Passage - Lois McMaster Bujold [0]
Volume Three
Passage
Lois McMaster Bujold
Contents
Map
Chapter 1
Dag was riding up the lane thinking only of the…
Chapter 2
In the pressure of a short-handed harvest and a run…
Chapter 3
While Sorrel and Tril might have been dubious about letting…
Chapter 4
Even in the late afternoon, the straight road approaching Glassforge…
Chapter 5
Back aboard Copperhead, Dag rode close to the second wagon…
Chapter 6
Fifty paces up the slope from the Pearl Bend wharf…
Chapter 7
The afternoon was waning when Dag at last caught up…
Chapter 8
Dag had the most unsettled look on his face, downright…
Chapter 9
Fawn kept an eye out, but Dag did not return…
Chapter 10
The oil lantern burning low on the kitchen table was…
Chapter 11
The Fetch made thirty river miles before the dank autumn…
Chapter 12
Despite the delay from Dag’s fruitless errand, the Fetch made…
Chapter 13
To the excitement of everyone aboard—although Fawn thought that Dag…
Chapter 14
To Fawn’s bemusement, Remo tagged along on the trip to…
Chapter 15
Dag was reassured early the next morning of the health…
Chapter 16
Fawn watched in alarm as Remo took up the lantern…
Chapter 17
Though the weather stayed cloudy and chilly, the Fetch made…
Chapter 18
During an easy stretch of river in the morning, Berry…
Chapter 19
Berry’s radiant joy seemed to light up the air around…
Chapter 20
Dag braced one knee on a fallen log, checked the…
Chapter 21
What Dag most wanted to do was question Crane: Fawn…
Chapter 22
Flanked by Remo, Dag exited the cave and dragged his…
Chapter 23
Her face carefully held stiff to hide how her stomach…
Chapter 24
The next day the Fetch floated through yet more of…
Author’s Note
About the Author
Other Books by Lois McMaster Bujold
Credits
Copyright
About the Publisher
Map
1
Dag was riding up the lane thinking only of the chances of a Bluefield farm lunch, and his likelihood of needing a nap afterwards, when the arrow hissed past his face.

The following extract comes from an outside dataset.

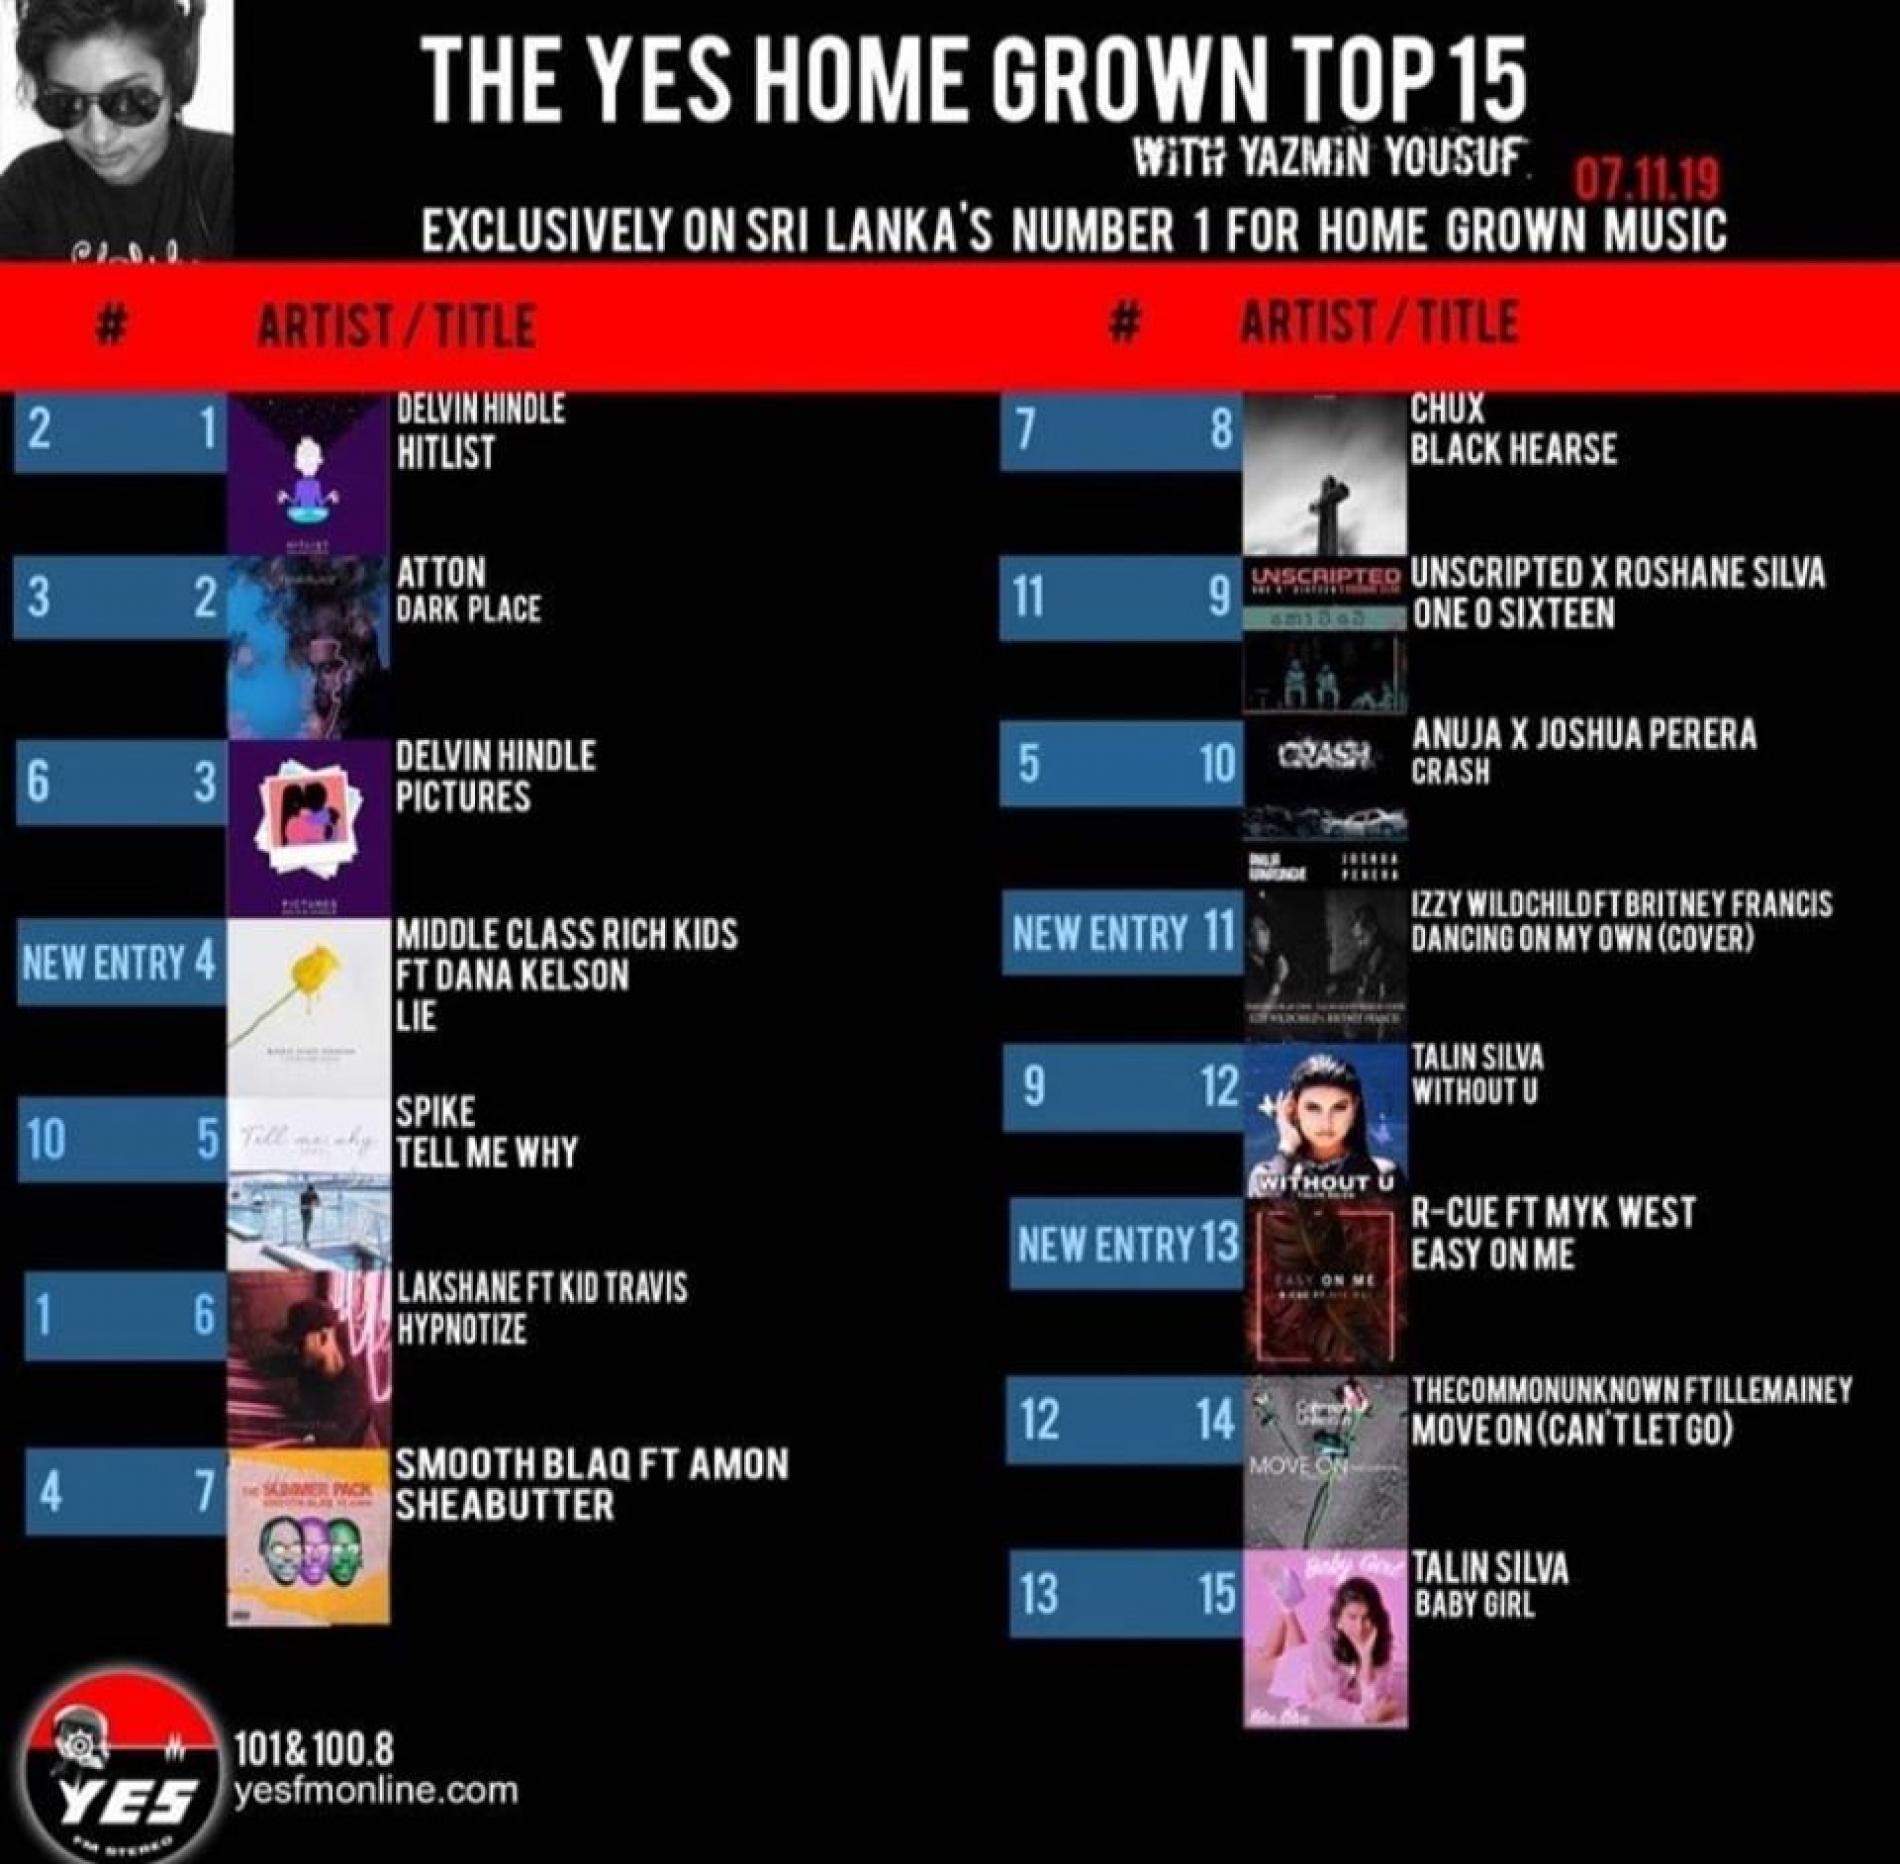 Delvin Hindle’s Hitlist Is At Number 1 On The YES Home Grown Top 15!

Panic washing through him, he reached out his right arm and snatched his wife from her saddle. He fell left, dragging them both off and behind the shield of their horses, snapping his sputtering ground-sense open wide—range still barely a hundred paces, blight it—torn between thoughts of Fawn, of the knife at his belt, of the unstrung bow at his back, of how many, where? All of it was blotted out in the lightning flash of pain as he landed with both their weights on his healing left leg. His cry of “Spark, get behind me!” transmuted to “Agh! Blight it!” as his leg folded under him. Fawn’s mare bolted. His horse Copperhead shied and jerked at the reins still wrapped around the hook that served in place of Dag’s left hand; only that, and Fawn’s support under his arm as she found her feet, kept him upright.
“Dag!” Fawn yelped as his weight bent her.
Dag straightened, abandoning his twisting reach for his bow, as he at last identified the source of the attack—not with his groundsense, but with his eyes and ears. His brother-in-law Whit Bluefield came running across the yard below the old barn, waving a bow in the air and calling, “Oh, sorry! Sorry!”
Only then did Dag’s eye take in the rag target tacked to a red oak tree on the other side of the lane. Well…he assumed it was a target, though the only arrow nearby was stuck in the bark about two feet below it. Other spent arrows lay loose on the ground well beyond. The one that had nearly clipped off his nose had plowed into the soil a good twenty paces downslope. Dag let out his pent breath in exasperation, then inhaled deeply, willing his hammering heart to slow.
“Whit, you ham-fisted fool!” cried Fawn, rising on tiptoe to peer over her restive horse-fort. “You nearly shot my husband!”
Whit arrived breathless, repeating, “Sorry! I was so surprised to see you, my hand slipped.”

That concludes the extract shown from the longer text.